A 61-year-old man with a history of violence and murder which occurred many years ago while he was in prison, who has since been in solitary confinement for 30 years under a “no human contact” order, has challenged this “cruel and unusual treatment.” Although mental health experts have diagnosed severe emotional and cognitive effects, a U.S. District Court supported the Bureau of Prison’s assertions that he has been unharmed by this extreme isolation because it has not deprived him of life’s basic necessities. The case is now before the U.S. Tenth Circuit Court of Appeals. http://www.coloradoindependent.com/144083/denver-judge-to-weigh-how-much-is-too-much-solitary-confinement

September 21, 2013

The Texas Tribune analyzed data from violent-incident reports from 99 state prisons filed from 2006 to 2012, and found: far more reports of violence at facilities housing high numbers of mentally ill and violent incarcerated people than at other prisons; reports of violent episodes are more prevalent at smaller institutions that house only psychiatric patients; and, there are more incidents of officers using force at these facilities. Advocates the numbers show that the state’s approach to incarcerating the mentally ill is not working, but criminal justice department officials argue that the state facilities are safe, and programs aimed at helping mentally ill individuals are working. http://www.nytimes.com/2013/09/22/health/a-tie-to-mental-illness-in-the-violence-behind-bars.html?utm_content=buffer92df3&utm_source=buffer&utm_medium=twitter&utm_campaign=Buffer&_r=0

September 16, 2013

Albert Woodfox of the Angola 3, who has been in solitary confinement for over 40 years, has gone to court requesting a restraining order against the state of LA to stop strip and cavity searches, which he says occur whenever he leaves his cell – i.e. “as often as six times a day.”  After the Angola 3 sued against such searches in the late 70s, a consent decree was agreed to by the parties which held that they violated the rights of these men and must be curtailed or ceased.  However, when the judge responsible for the decree died recently, the searches were re-instated, thus requiring the return to court. http://www.theatlantic.com/national/archive/2013/09/a-handwritten-letter-the-prison-system-doesnt-want-you-to-see/279751/

 

 

VOICES: Solitary Confinement’s Invisible Scars

By Five Omar Mualimm-ak. Reprinted from The Guardian.
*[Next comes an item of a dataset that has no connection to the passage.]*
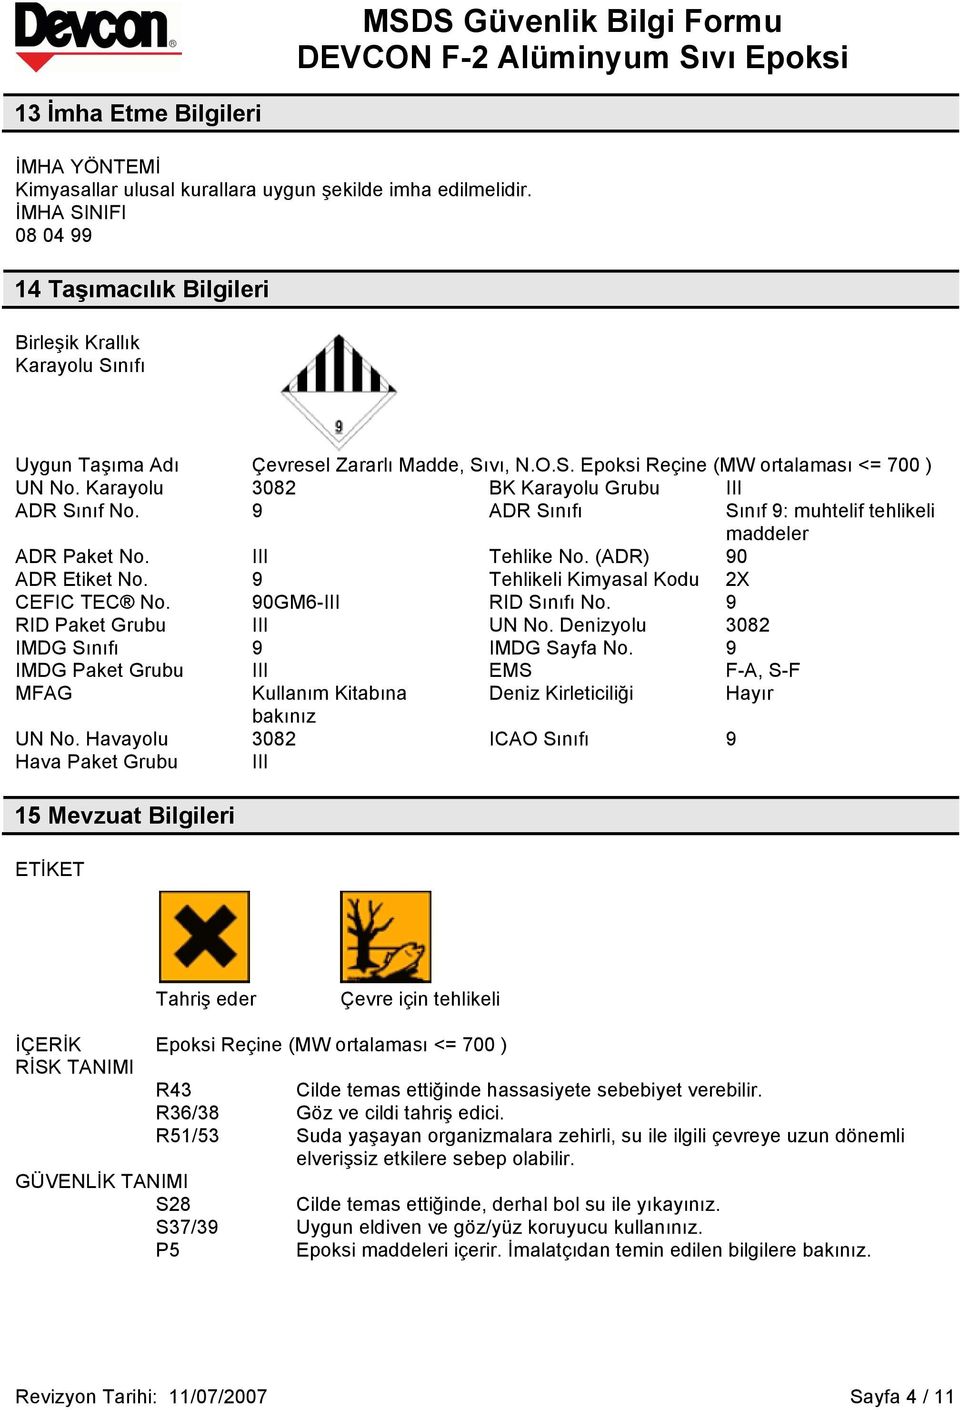 Karayolu 3082 BK Karayolu Grubu III ADR Sınıf No. 9 ADR Sınıfı Sınıf 9: muhtelif tehlikeli maddeler ADR Paket No. III Tehlike No. (ADR) 90 ADR Etiket No. 9 Tehlikeli Kimyasal Kodu 2X CEFIC TEC No.
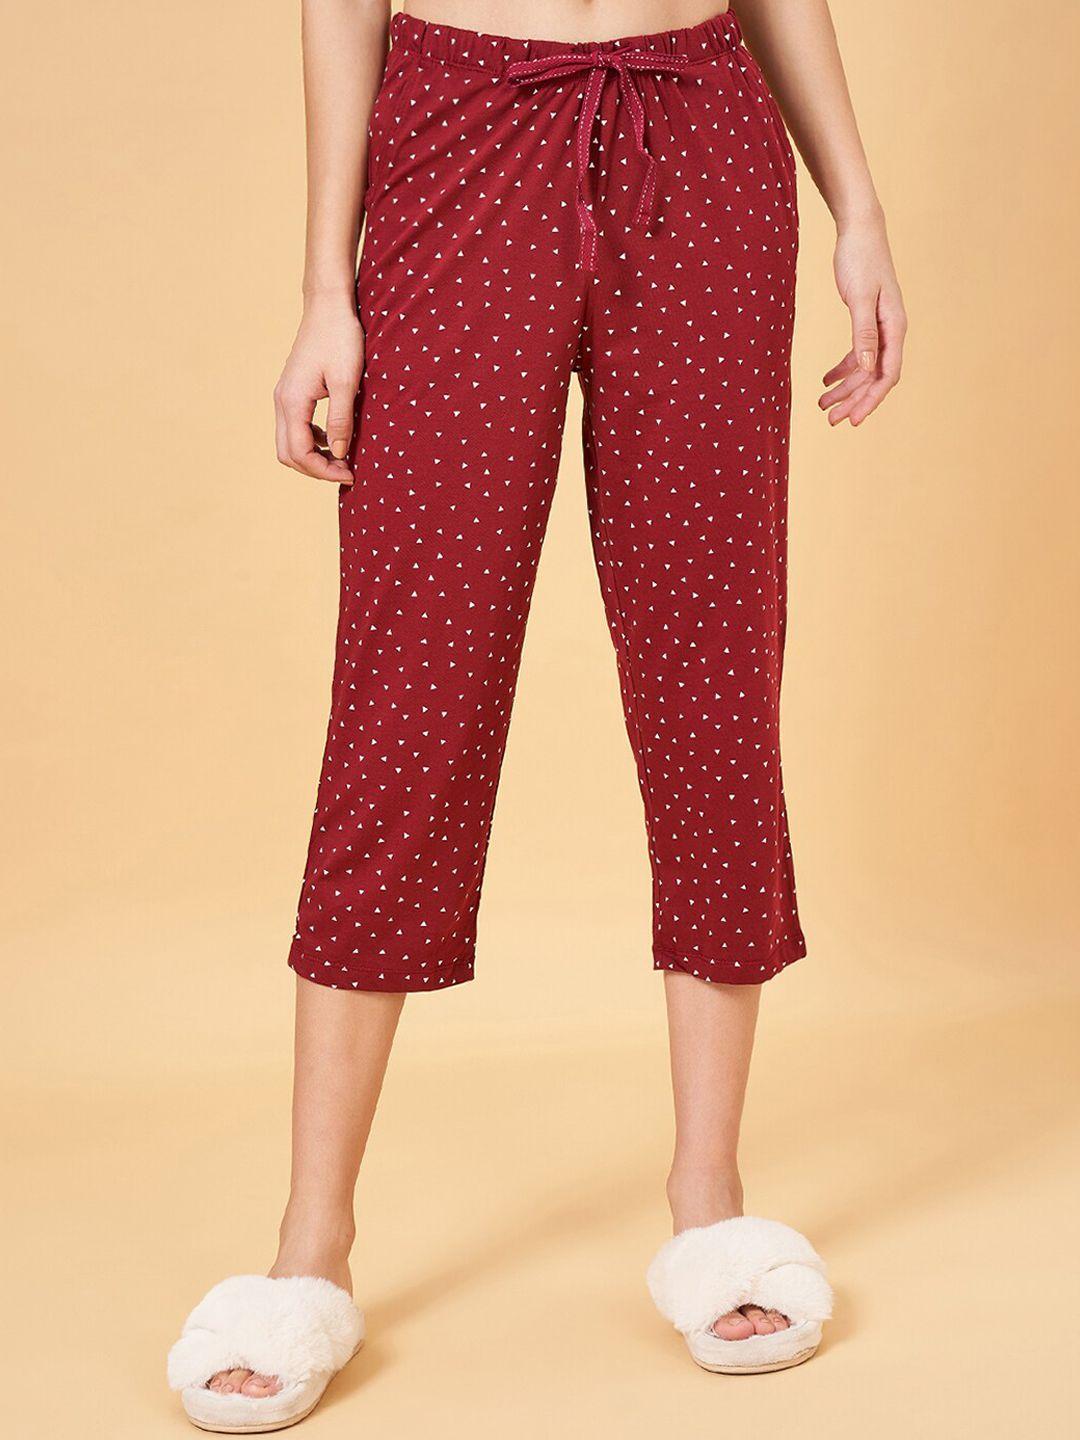 Dreamz by Pantaloons Women Conversational Printed Mid-Rise Pure Cotton Capri Lounge Pant

nys doccsAs kids, many of us imagine having superpowers. An avid comic book reader, I often imagined being invisible. I never thought I would actually experience it, but I did.

It wasn’t in a parallel universe – although it often felt that way – but right here in the Empire State, my home. While serving time in New York’s prisons, I spent 2,054 days in solitary and other forms of isolated confinement, out of sight and invisible to other human beings – and eventually, even to myself.

After only a short time in solitary, I felt all of my senses begin to diminish. There was nothing to see but gray walls. In New York’s so-called special housing units, or SHUs, most cells have solid steel doors, and many do not have windows. You cannot even tape up pictures or photographs; they must be kept in an envelope. To fight the blankness, I counted bricks and measured the walls. I stared obsessively at the bolts on the door to my cell.

There was nothing to hear except empty, echoing voices from other parts of the prison. I was so lonely that I hallucinated words coming out of the wind. They sounded like whispers. Sometimes, I smelled the paint on the wall, but more often, I just smelled myself, revolted by my own scent.

There was no touch. My food was pushed through a slot. Doors were activated by buzzers, even the one that led to a literal cage directly outside of my cell for one hour per day of “recreation”.

Even time had no meaning in the SHU. The lights were kept on for 24 hours. I often found myself wondering if an event I was recollecting had happened that morning or days before. I talked to myself. I began to get scared that the guards would come in and kill me and leave me hanging in the cell. Who would know if something happened to me? Just as I was invisible, so was the space I inhabited.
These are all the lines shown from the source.